The opening scene comes from a scatological/theological epigram in Milan Kundera’s novel The Unbearable Lightness of Being, especially the phrase, “He is not responsible for man’s crimes. . . . The responsibility for shit, however, rests entirely with Him.”

Big Buck City opens with a confrontation on Christmas Eve between a street preacher and a package-laden shopper. Reading both roles, Moses drew laughter with his darkly comic dialogue.

The piece was born at a 24-hour playwriting contest in Whitehorse. Moses had gone into the contest with specific ideas for a new play, but the muse had other plans, and he found himself inexplicably fixated on some Old West characters he’d created years earlier.

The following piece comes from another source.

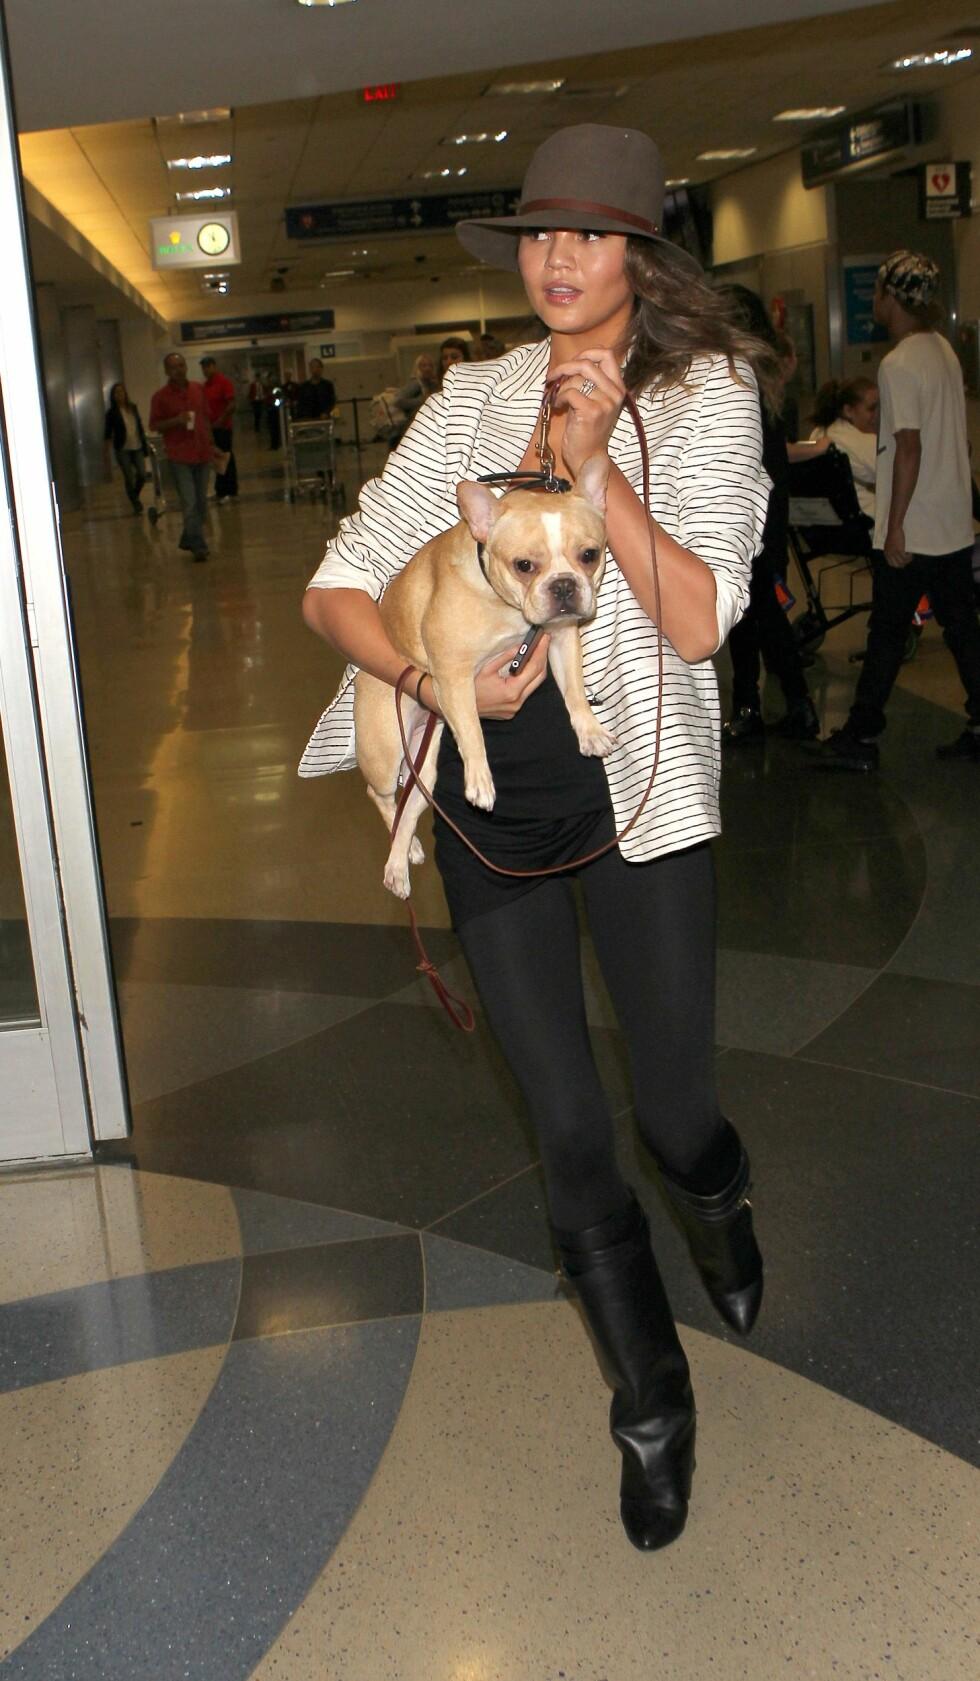 HUNDEELSKER: Christine Teigen adopterte hunden med ektemannen John Legend.  Foto: Splash/ All Over Press

Fourteen hours later, Moses completed first drafts of The Moon and Dead Indians and The Angel and the Medicine Show, two one-act plays later collected as The Indian Medicine Shows (1995).

He set the scene for The Moon and Dead Indians. On the porch of a lonely cabin in the foothills of New Mexico, in1878, a widow cradles a rifle while quietly singing hymns. Her son appears, fresh from visiting a travelling medicine show. The two converse about Civil War ghosts and vanished natives.

Like the Big Buck City excerpt, their brief exchange hinted at bizarre things to come. Moses let it hang in the air. “Well,” he said, closing his book. “That’s kind of a weird beginning, isn’t it?”